Task -
The answer must be the full listing, word for word, with no pictures in it.

Recorded information -
◇ ◇ ◇ ◇ ◇
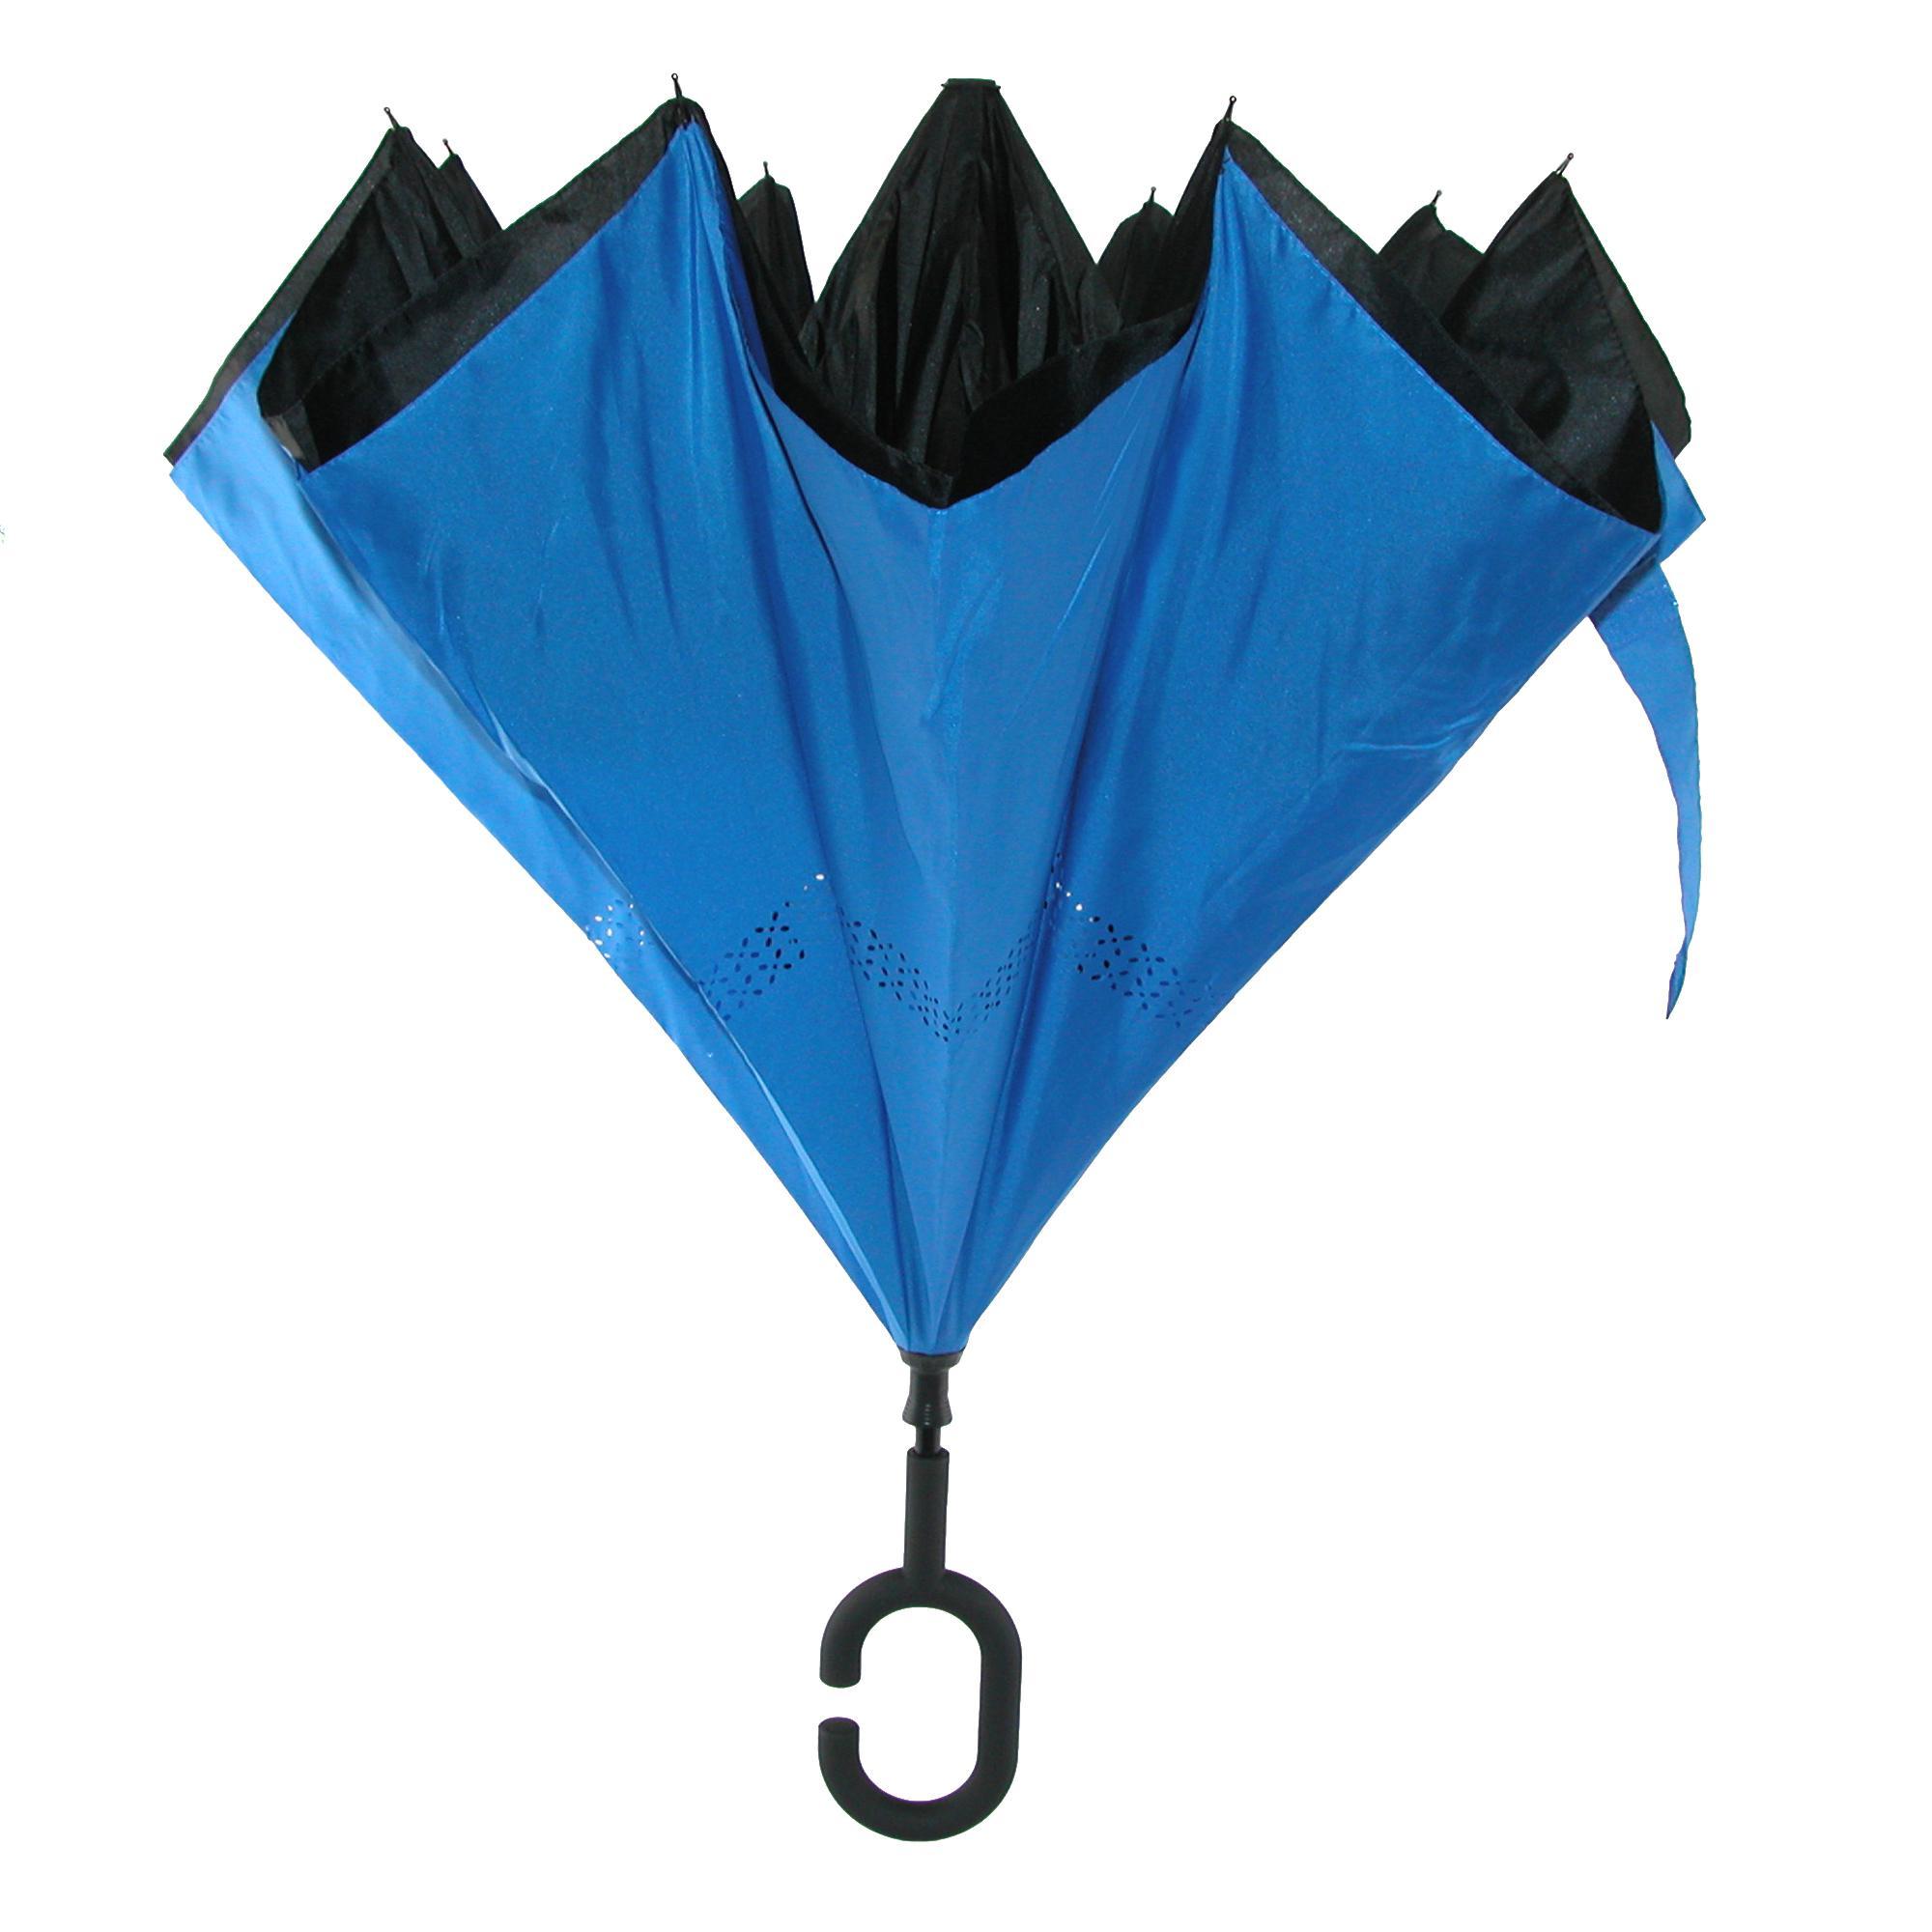 New ShedRain Reverse Closing UnbelievaBrella Stick Umbrella
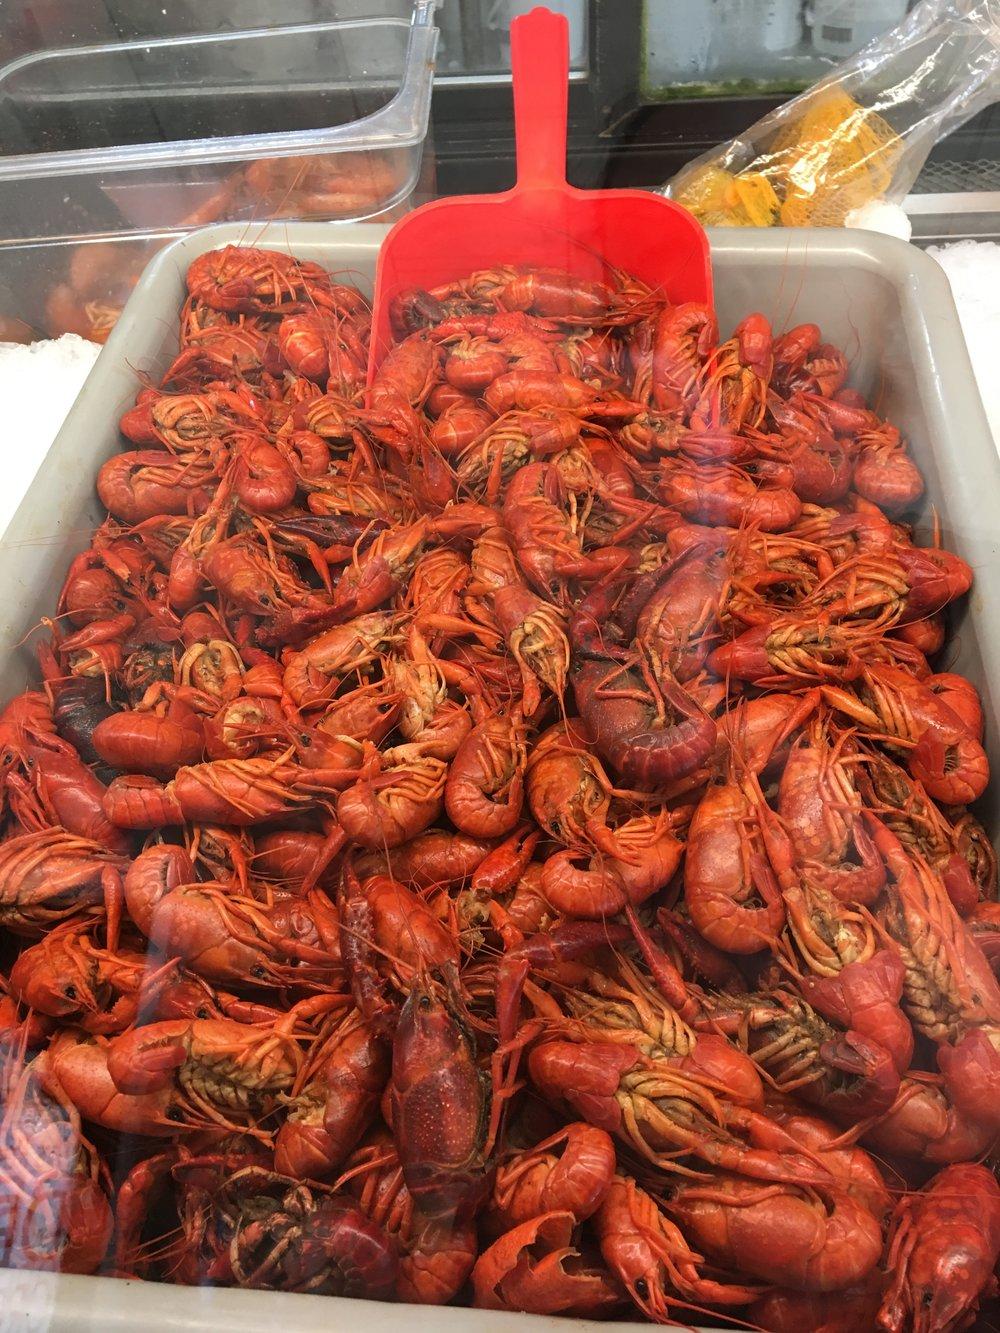 Crawfish in Louisiana.JPG
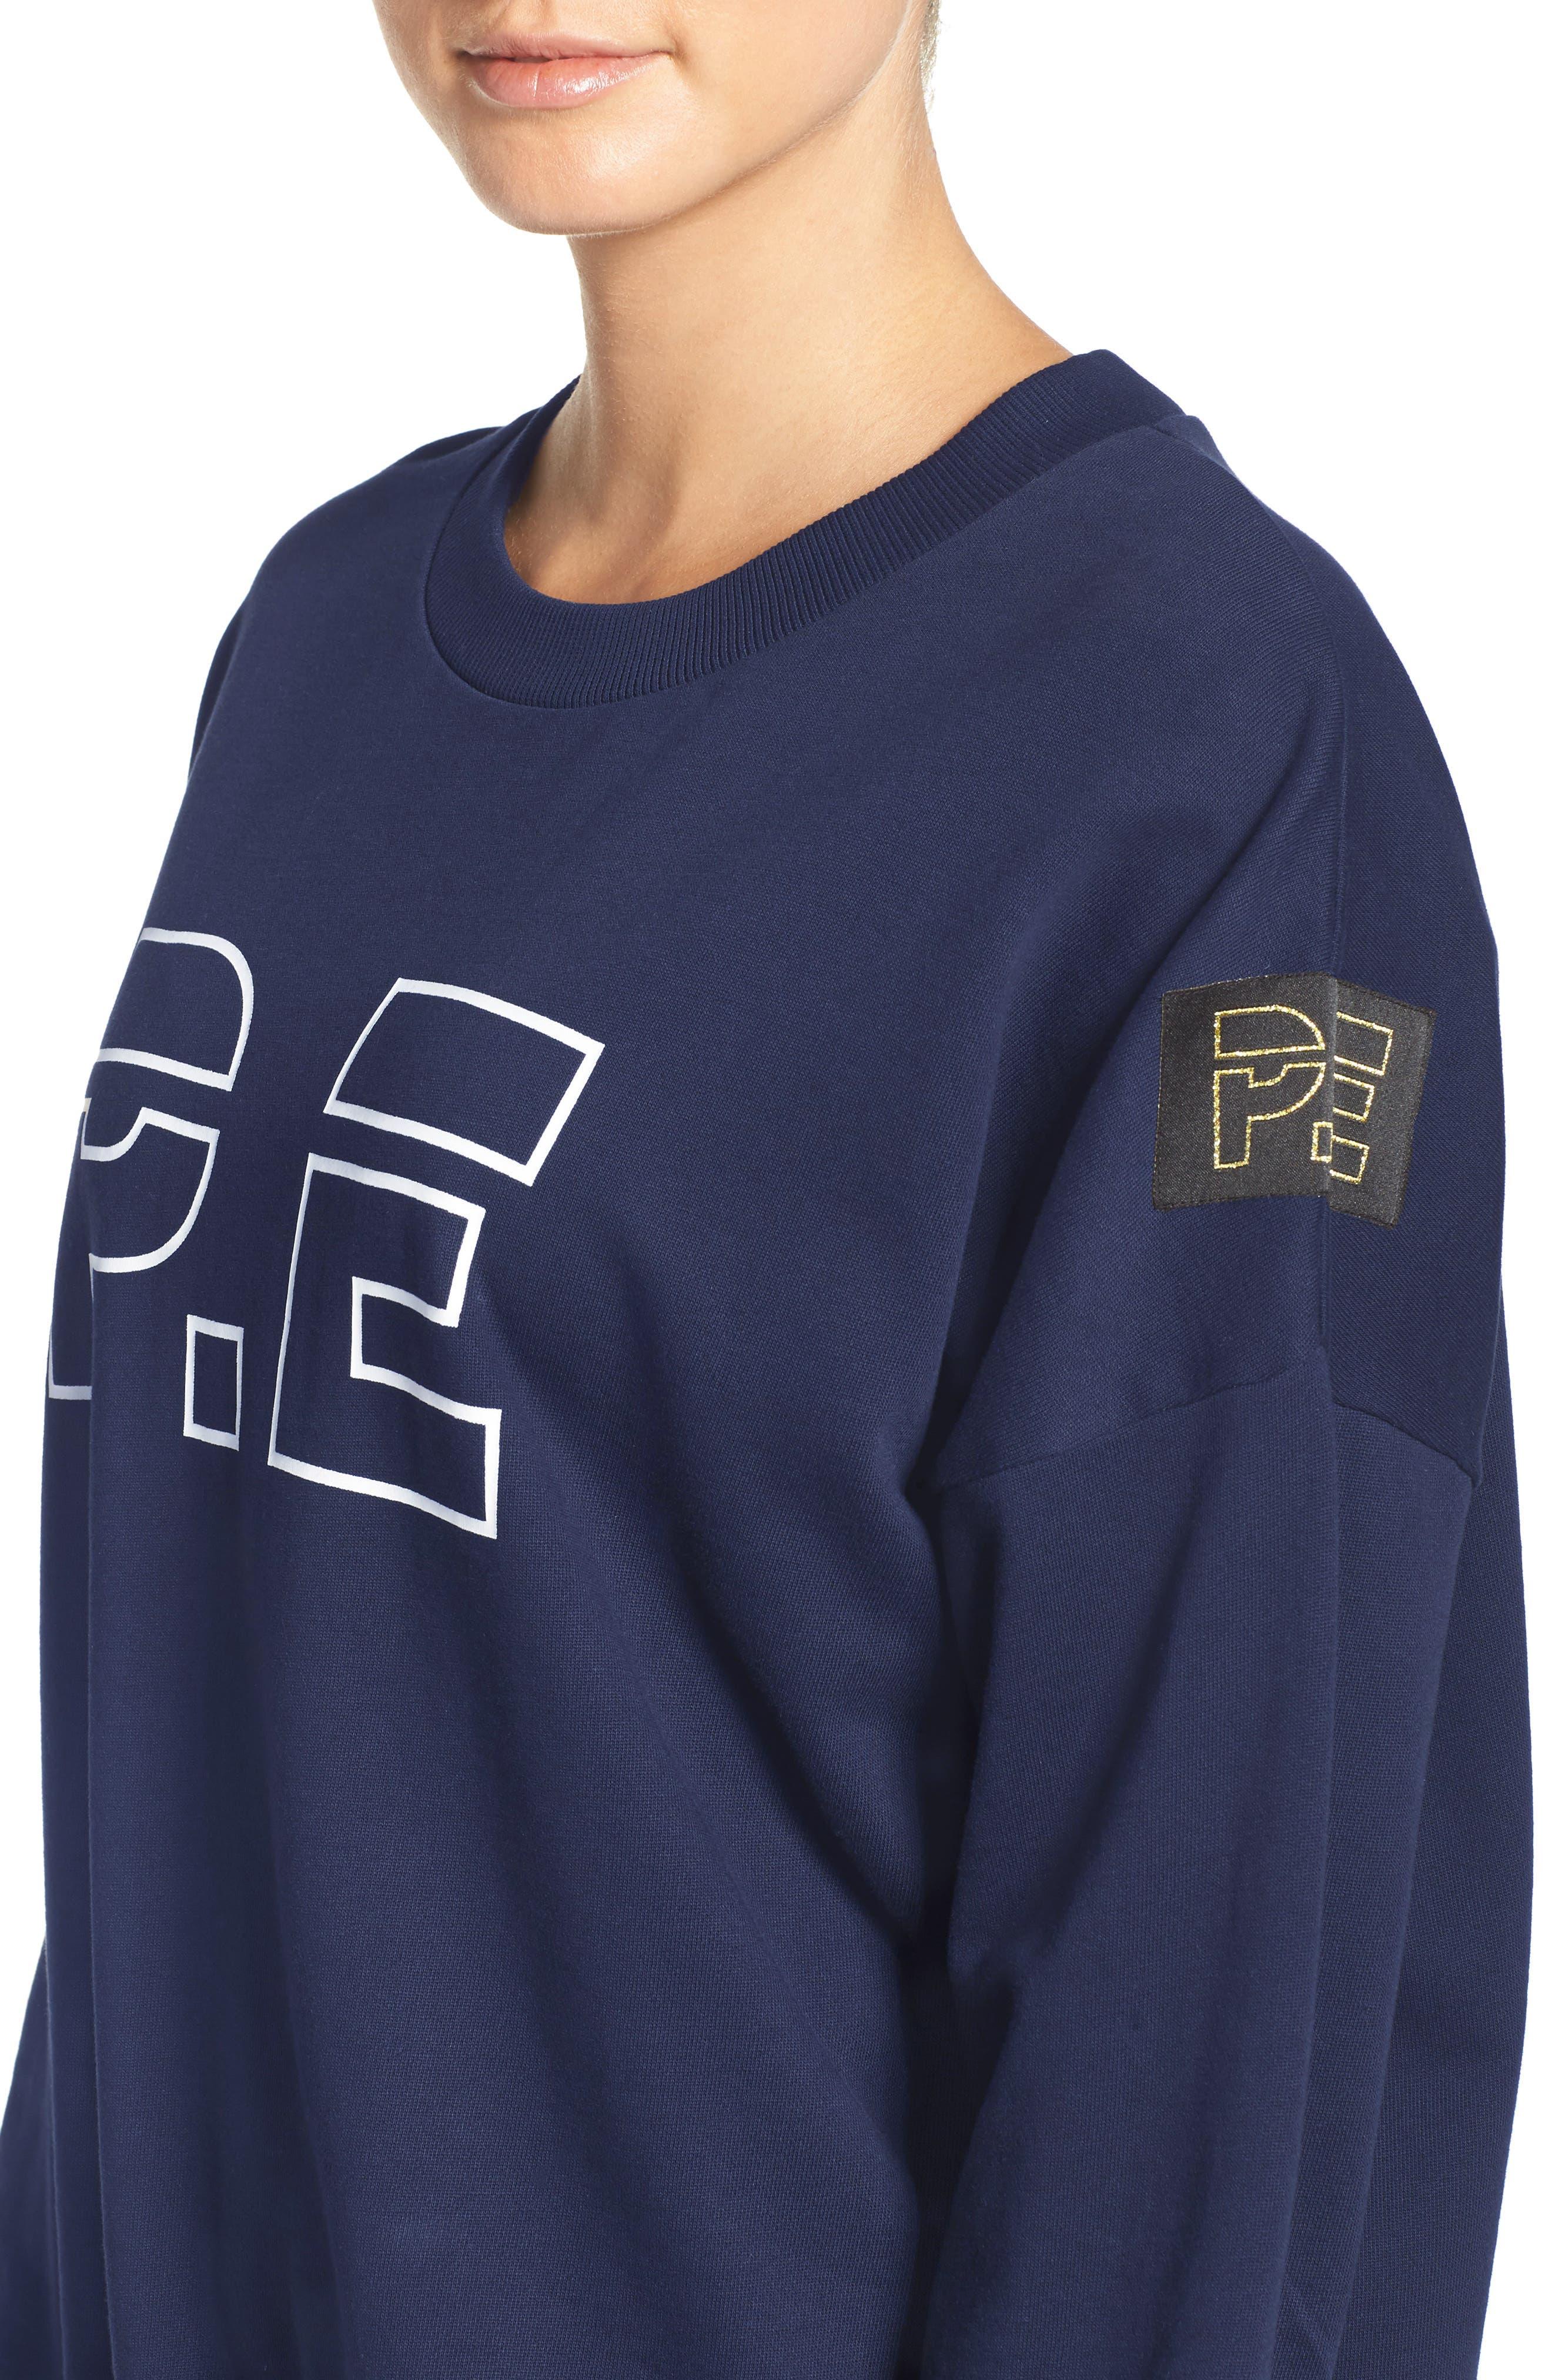 P.E. Nation The Heads Up Sweatshirt,                             Alternate thumbnail 4, color,                             410
◇ ◇ ◇ ◇ ◇
Expected output -
 New ShedRain Reverse Closing UnbelievaBrella Stick Umbrella
 Crawfish in Louisiana.JPG
 P.E. Nation The Heads Up Sweatshirt,                             Alternate thumbnail 4, color,                             410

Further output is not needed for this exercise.